Downtown Idaho Falls

To save money, I soon got a newspaper and found a room for rent. My landlady was older, very nice, and would often invite me to chat with her in her large and homey kitchen. I wondered what she thought of me, but she was helpful and kind. My room was small and clean. I was the only young tenant, the rest were all old men, very old men, or so it seemed to me at the time. And they all coughed and coughed; I can still hear them in my memory.

The Falls 

I don’t remember much about Idaho. I would rent a car and drive around. The land was flat, I think, in that part of the state; there was the Snake River, the sand dunes at St. Anthony, fields of black earth where Idaho potatoes must have just been harvested. Of the city itself, I remember the river and the falls that give the city its name. I also remember a phone booth, where I would talk to my soon to be ex-husband and cry a lot.

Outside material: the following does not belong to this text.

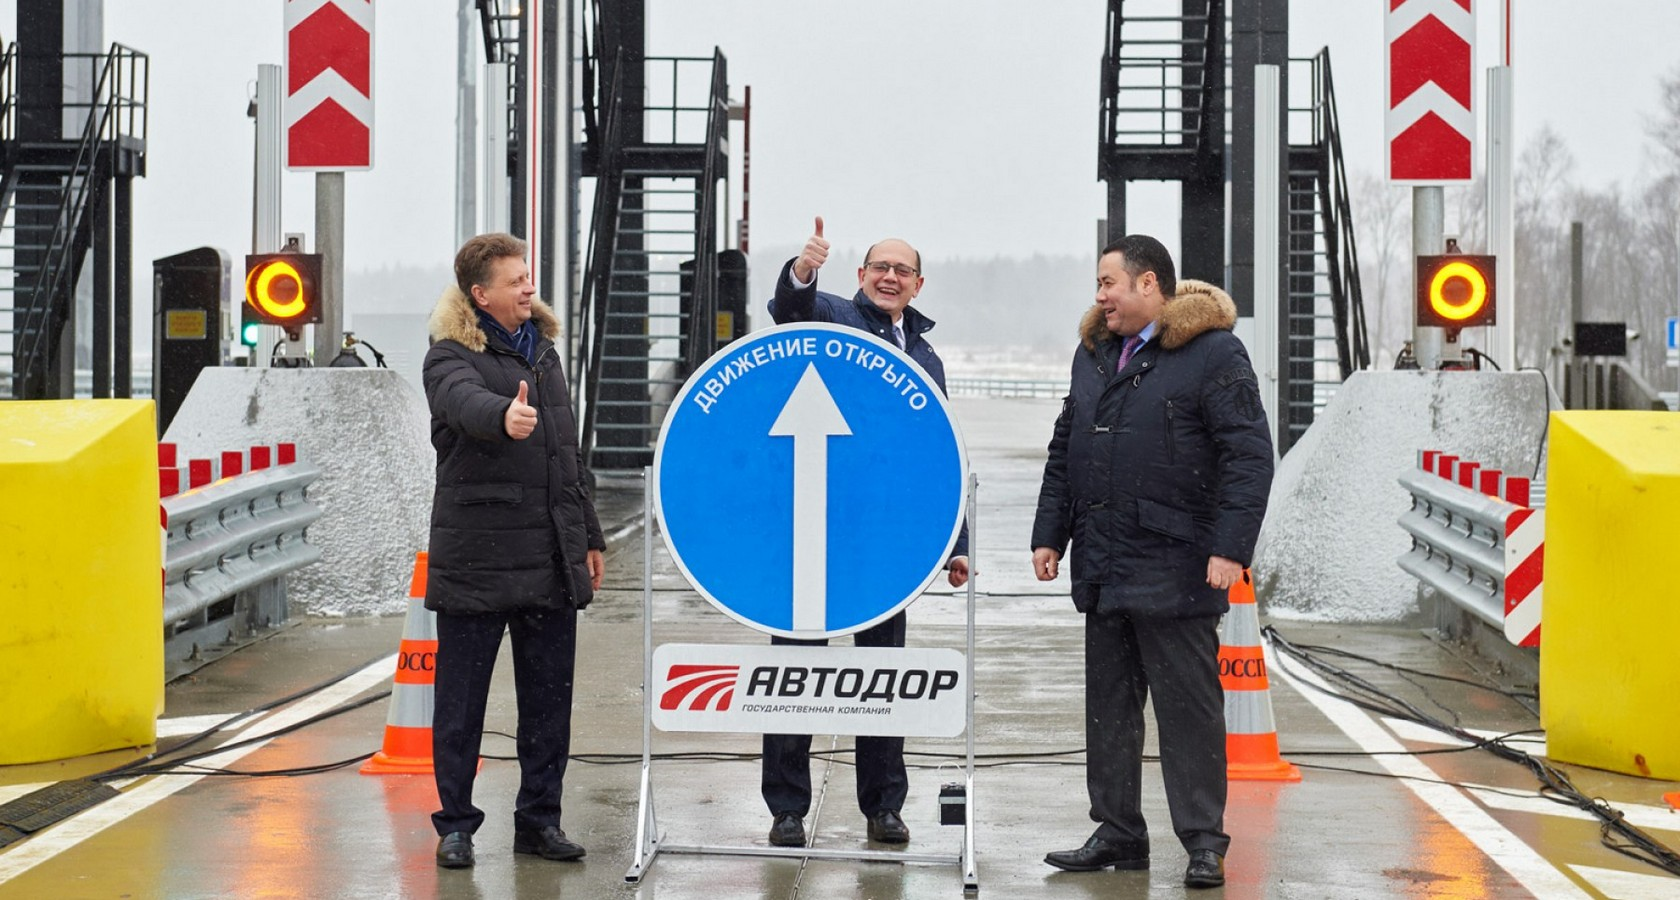 Торжественная церемония открытия нового дорожного участка М-11 в обход Торжка (фото: Минтранс)

Everyone talked about Jackson Hole, the Grand Tetons, and Yellowstone as the must see places while I was in the area. The area was, of course, large and pretty deserted in October, the tourist season long over. But I soon got bored, rented a car again and, this time, turned toward the mountains and drove to Jackson Hole, Wyoming.

Looking back, I'm sort of amazed at myself, setting out for the big mountains all alone. Driving at first by the potato fields, then climbing into the mountains through Caribou-Targhee National Forest, a trip of about 100 miles one-way.  It must have been a pretty drive, the trees ablaze in autumn colors. I'm pretty sure there were few cars and trucks on the road, maybe I spotted deer in a meadow, a moose or two, perhaps.

While I have no clear memory of this road that I traveled  several times during my stay in Idaho, I do remember  driving through a pass, approaching the small town of Jackson for the first time, and singing along with Glen Campbell to Galveston, oh Galveston on the car radio. 

After my six weeks residency requirement was met, I went to court and my nice landlady went with me to testify that I had indeed lived in her house for six weeks. I remember very clearly testifying and being granted a divorce. After that was over, I decided to move to Jackson Hole for the winter, thus placing some distance between me and my emotions in Princeton.